Spin Control by Chris Moriarty

From The Week of June 27, 2010


Though Spin State was an exciting entrant into the genre of dark science fiction, its followup leaves a lot to be desired. Ms. Moriarty's future Earth is interesting and novel, and the intrigues are just as mind-bendingly intricate, but the characters all come out too flat for my liking.

Spin Control shifts the action from the hinterlands of Compson's World to humanity's capital, Earth, where the shining jewel of the past is no more. The climate is nearing total collapse and anyone who is anyone has left for less polluted horizons, leaving behind the embittered and the penniless. Though Catherine Li, the antihero from the first novel, appears as a player here, our protagonist is a young and naive syndicate, or genetic clone, who has been sent to Earth on a mission to sell a powerful weapon to interested parties. Though the novel is, in the main, taken up with the various factions pitching the clone on why they should be the weapon's recipient, these machinations are less interesting than the background against which they play out, a renewed conflict between Palestine and Israel. No, not even the passage of 500 years has solved for that festering wound. The only difference between now and then lies in the sophistication of the weapons which are so powerful, so complicated, that humans can no longer operate them. They leave that to artificial intelligences who comandeer human volunteers on both sides of the conflict to use them as soldier puppets for its various attacks and retreats.

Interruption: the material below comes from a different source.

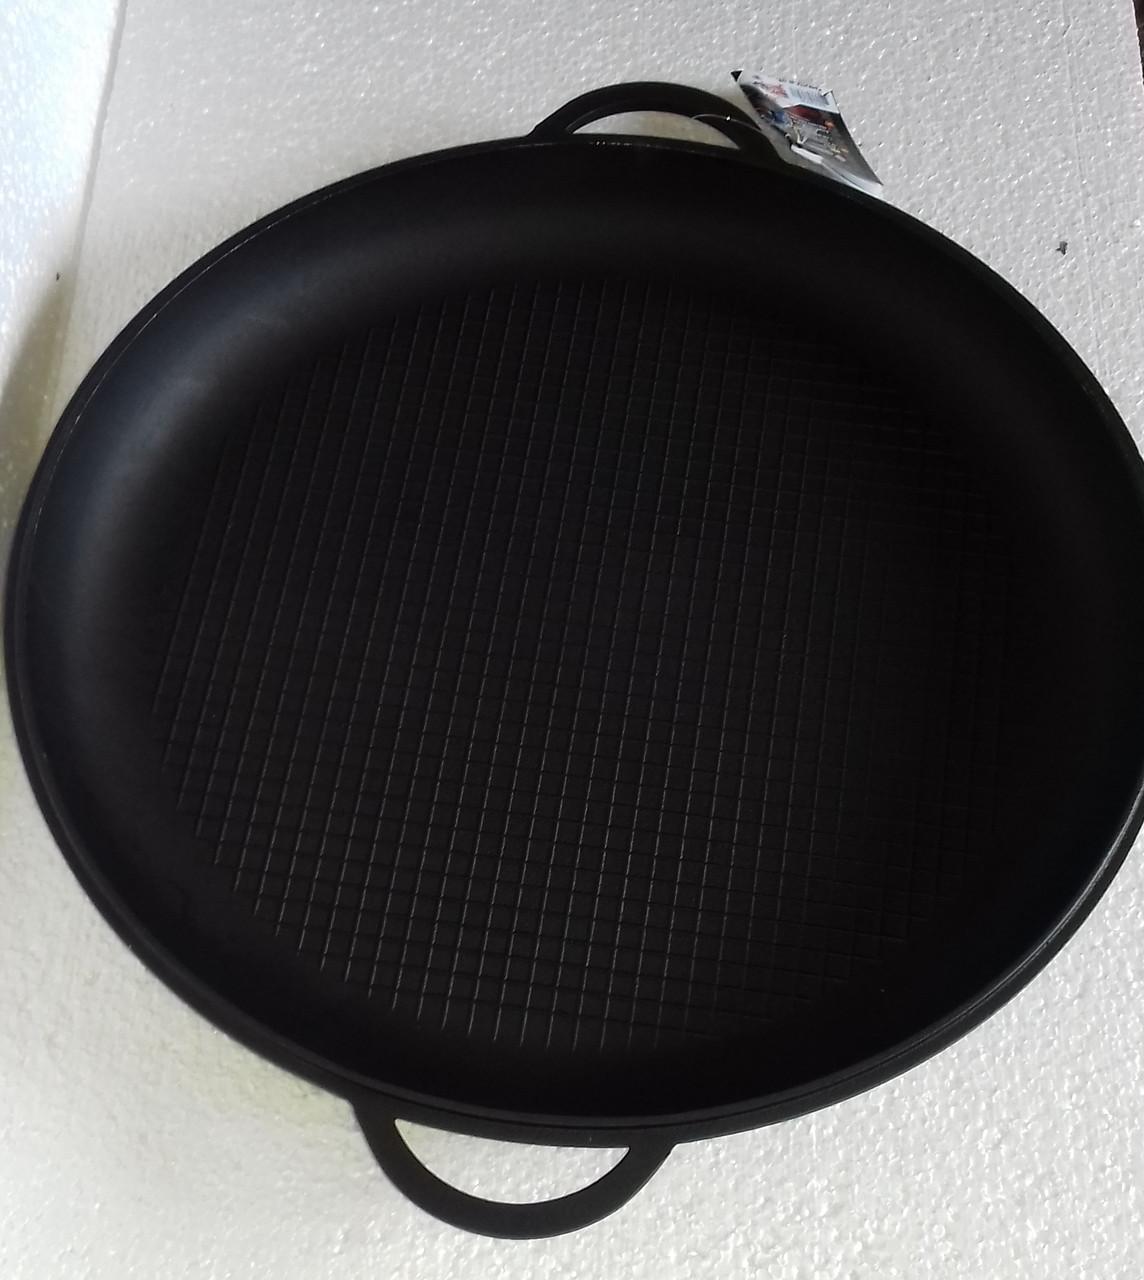 Крышка-сковорода чугунная, ТМ Термо. Диаметр 340мм, рифленое дно

All the ingredients are here for a thriller just as good as the one which gave it birth. But though the novelty of 26th century Israel still at war is interesting, and while Ms. Moriarty never fails to entertain with her loops inside of loops, it just doesn't animate like it should. Too many tortured souls; too much sociology; too much angst. It may be that this book caught me in a bad mood, but Cohen, the AI attached to Catherine Li, gets an inordinate amount of P.O.V. Time for a lovesick sop who is only a fraction as interesting as his author seems to think he is. Disappointing, but I'll cherish the first novel and hope that, in the event of a third, matters take a turn back for the better. (2/5 Stars)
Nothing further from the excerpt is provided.